● Work to complete
Could you restate word for word the lines running from the one with "lull wiring diagrams" to the end of the data, both ends included, but without pictures?

*** Given information

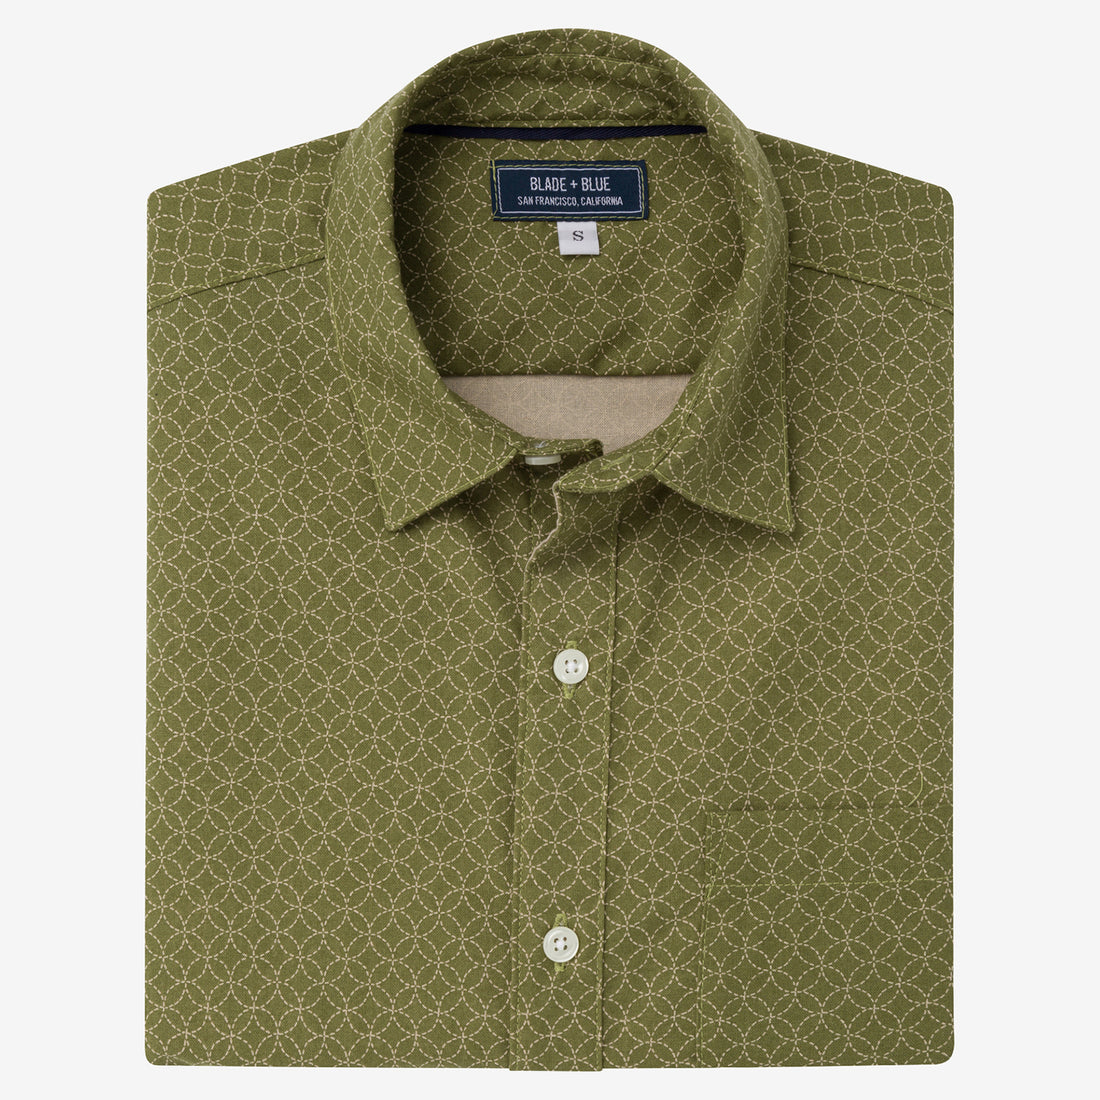 GARRISON Short Sleeve Shirt in Light Olive Green Japanese Floral Print
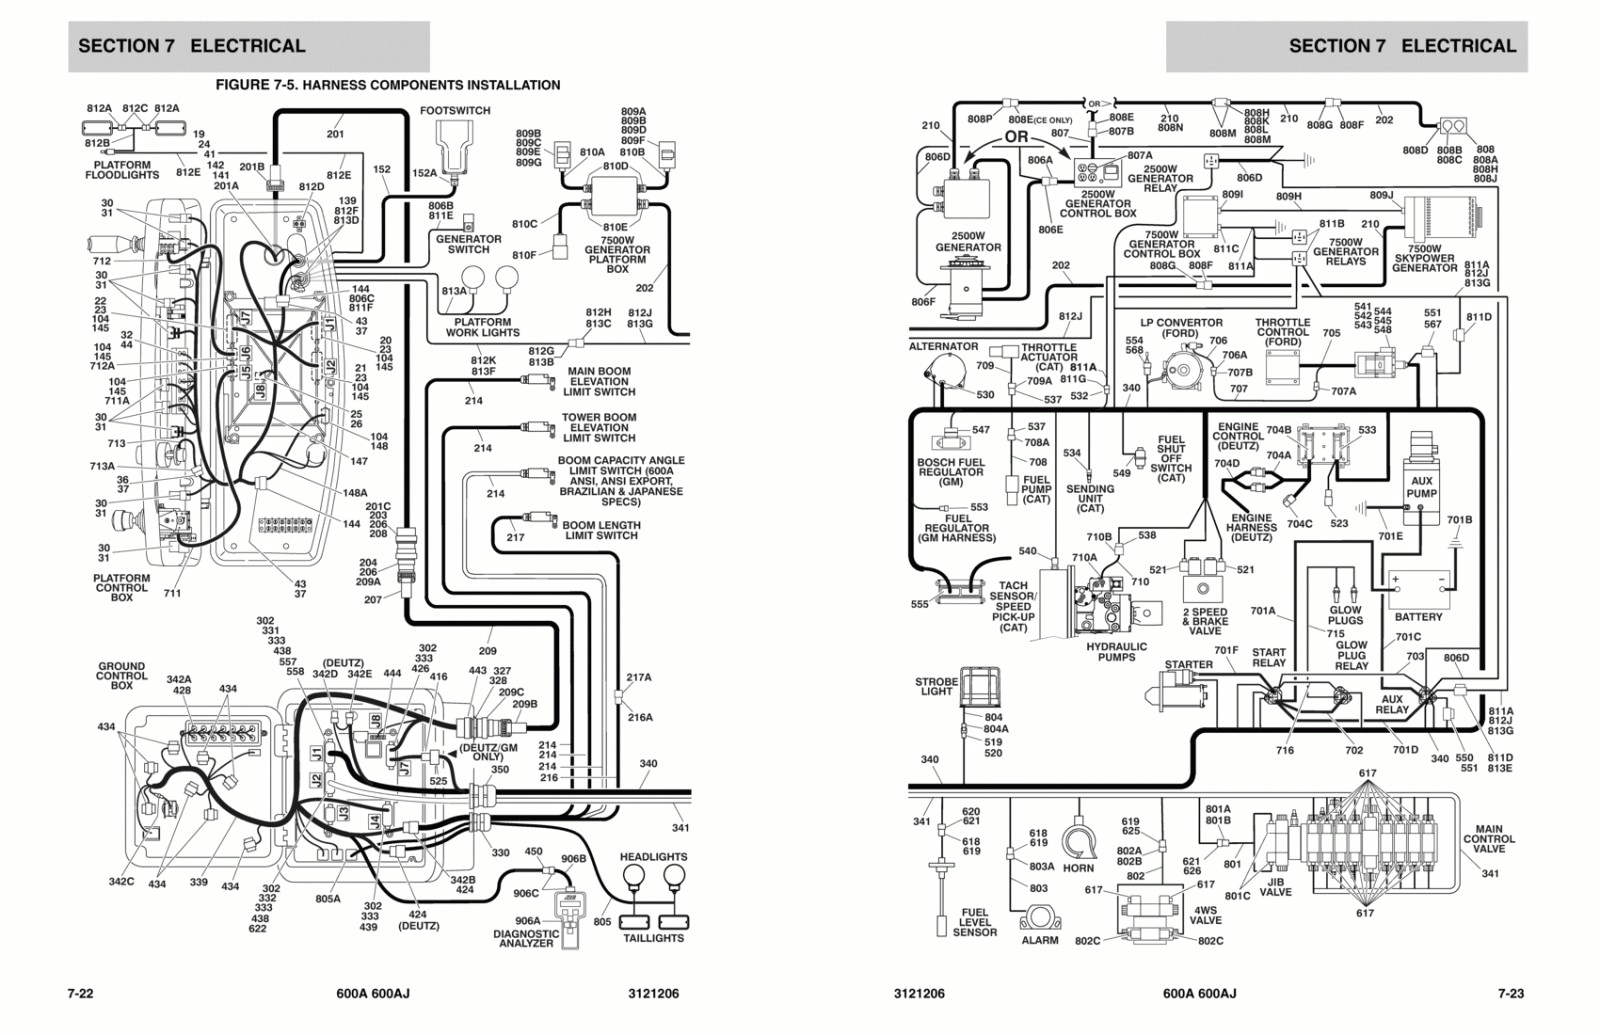 lull wiring diagrams wiring diagram schematic 844c lull wiring diagram wiring diagram name lull wiring diagram
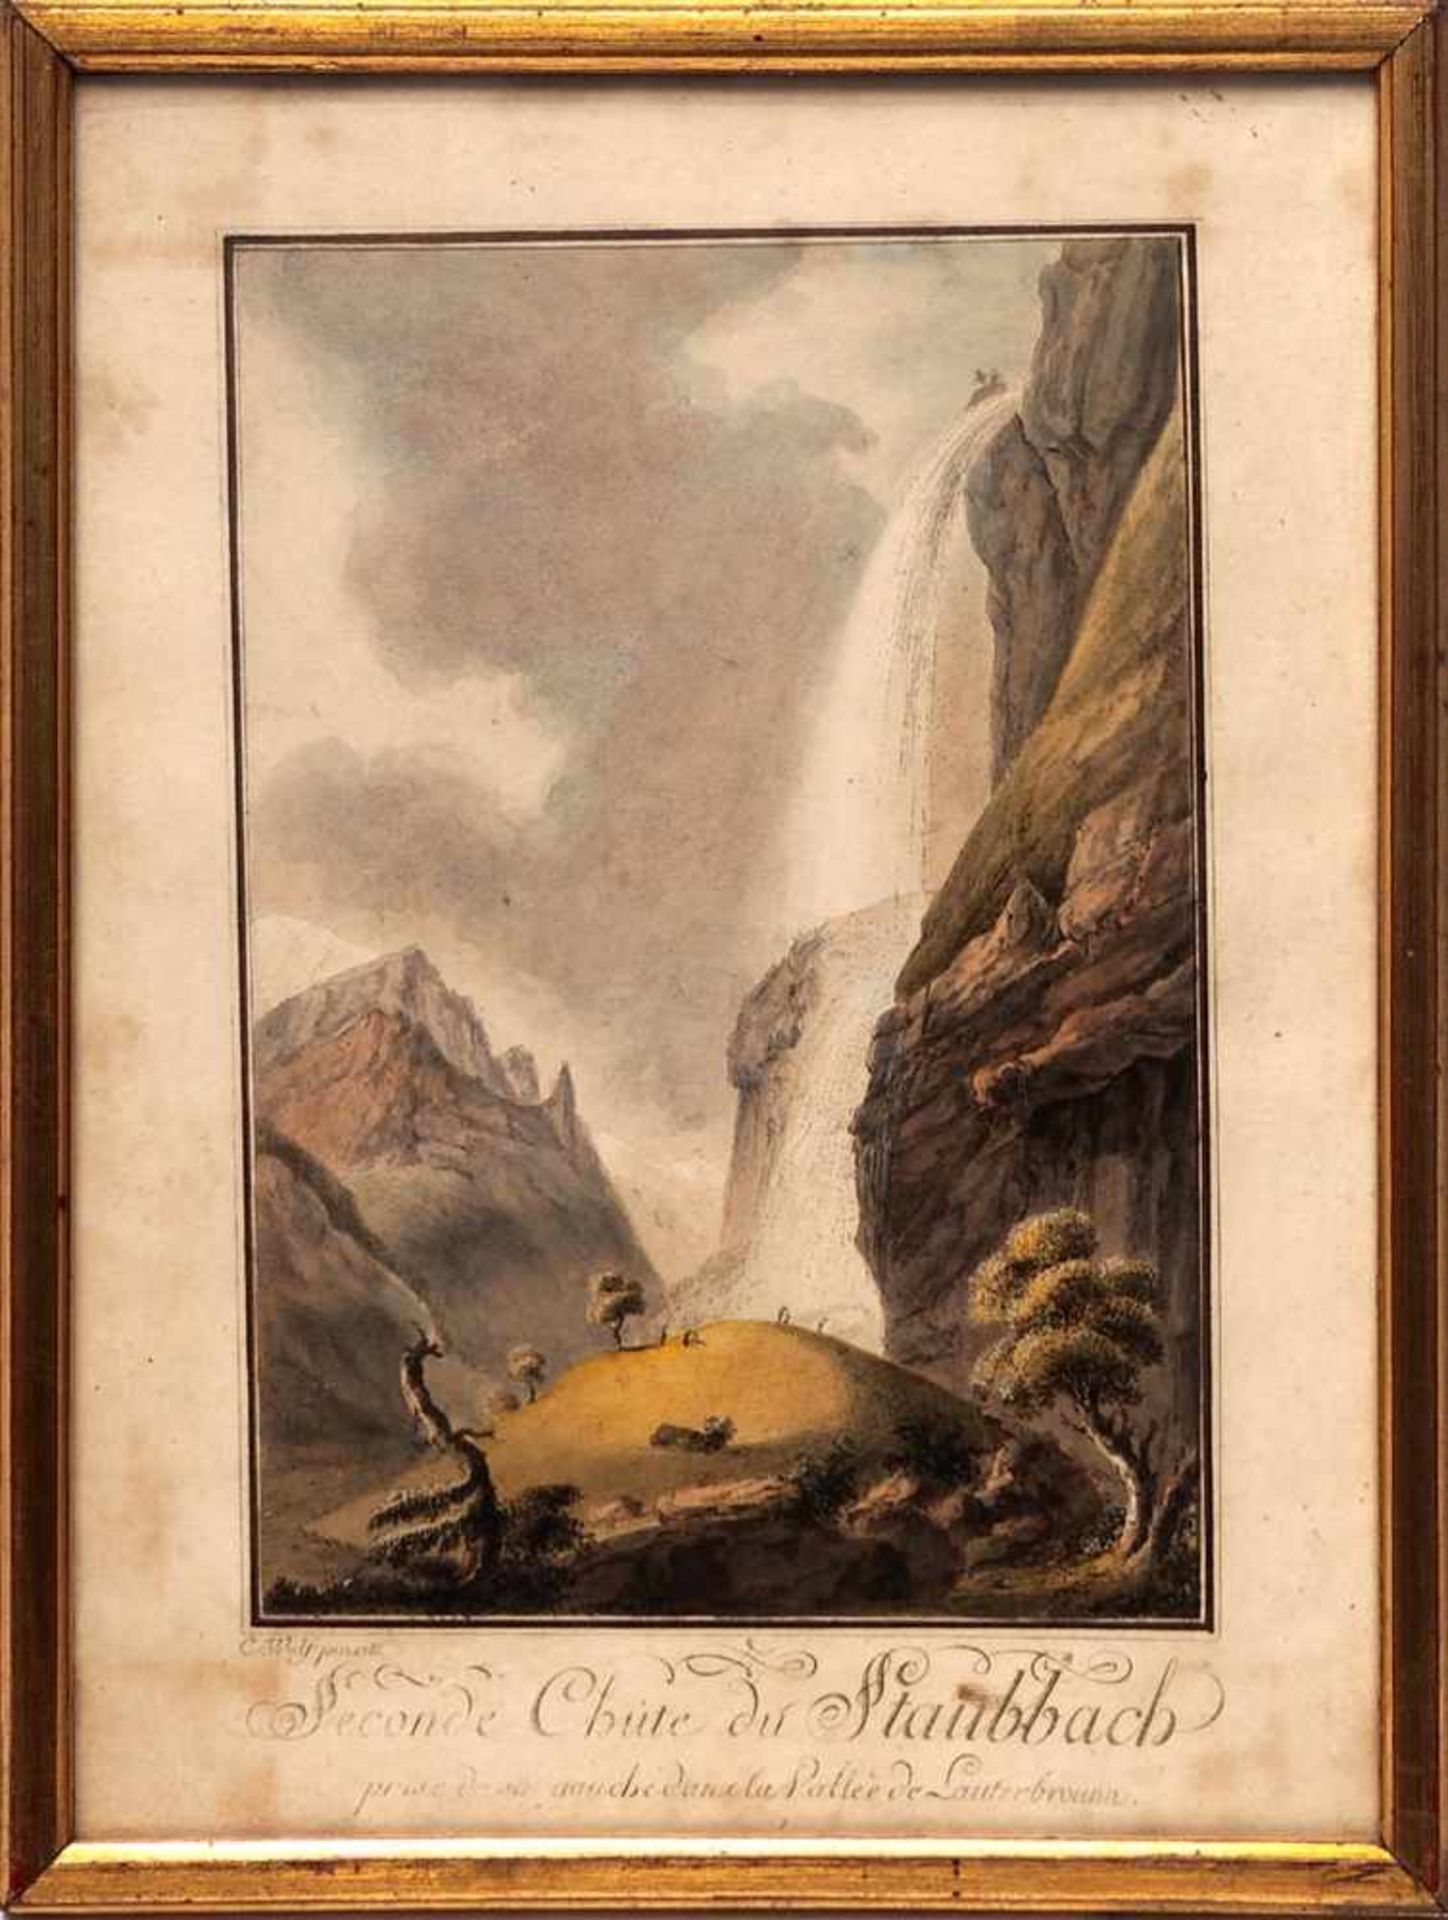 Wolf, Caspar, 1735 - 1798"Seconde chute du Staubbach". Farbaquatinta, ger. Blattgröße 24,5x18cm.

******

● Exercise solution
 lull wiring diagrams wiring diagram schematic 844c lull wiring diagram wiring diagram name lull wiring diagram
 Wolf, Caspar, 1735 - 1798"Seconde chute du Staubbach". Farbaquatinta, ger. Blattgröße 24,5x18cm.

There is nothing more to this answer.